→ **Task brief**
Your answer must be the data repeated exactly, with no pictures in it.

━━━ Collected material ━━━

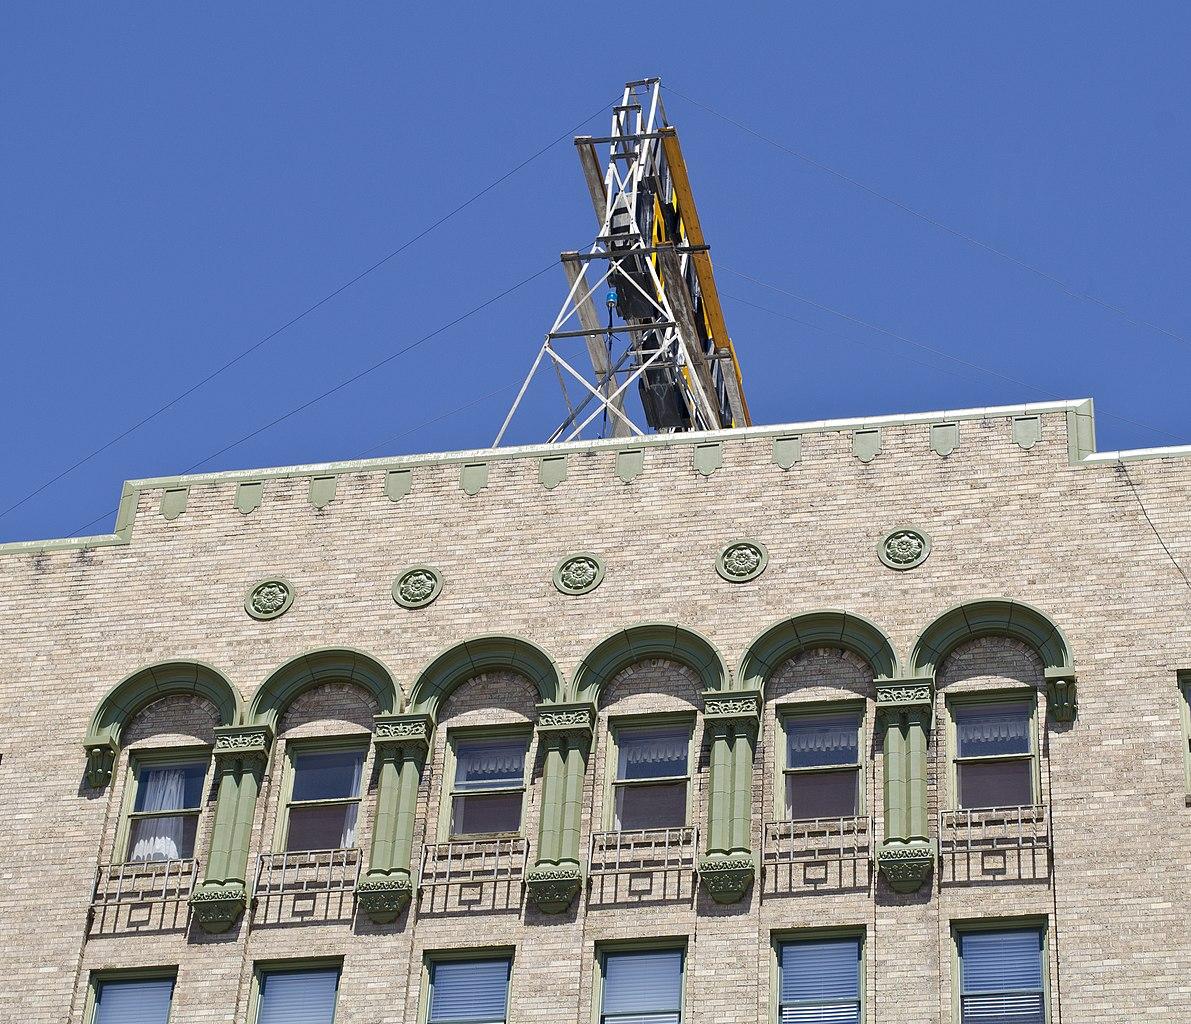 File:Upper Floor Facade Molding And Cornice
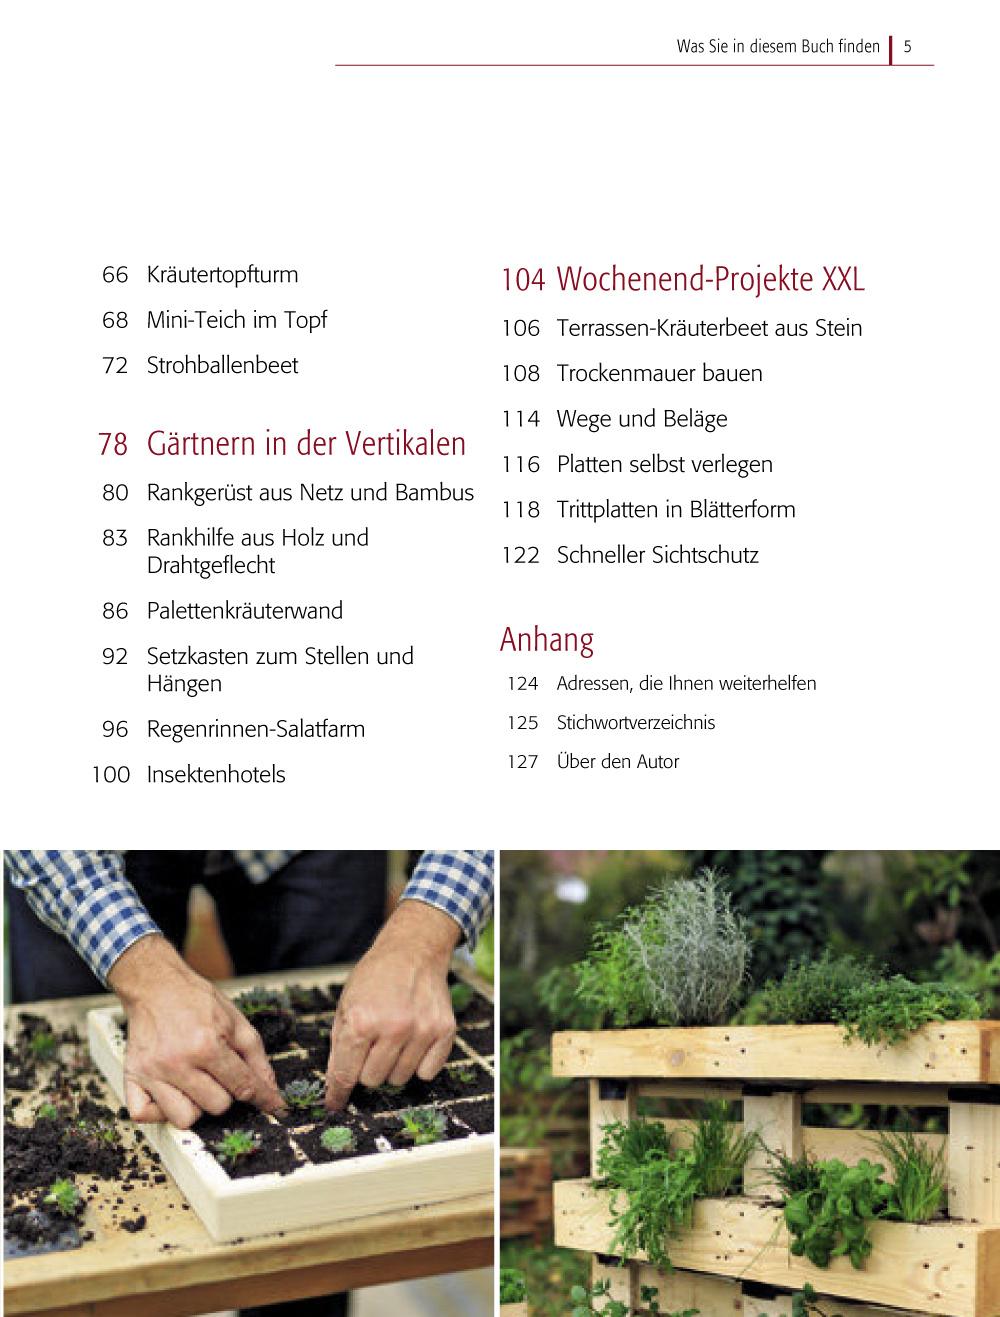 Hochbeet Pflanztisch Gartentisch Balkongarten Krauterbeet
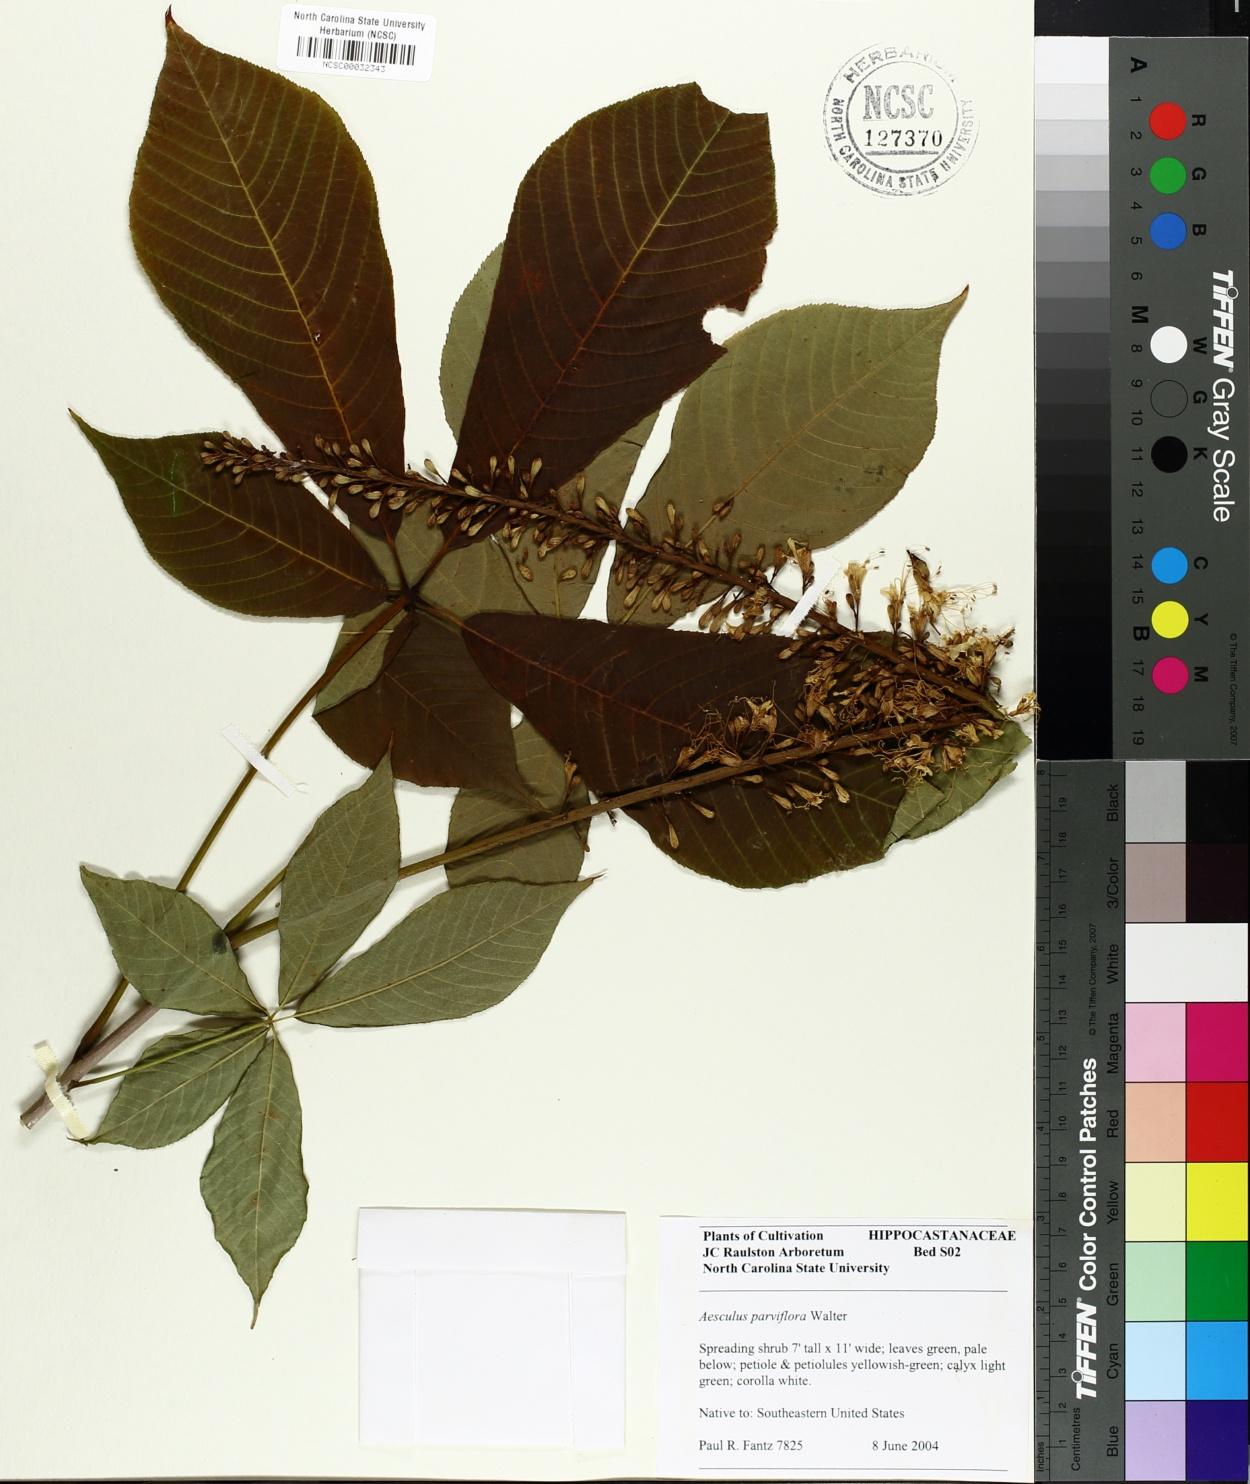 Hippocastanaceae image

━━━

→ **Result of this exercise**
 File:Upper Floor Facade Molding And Cornice
 Hochbeet Pflanztisch Gartentisch Balkongarten Krauterbeet
 Hippocastanaceae image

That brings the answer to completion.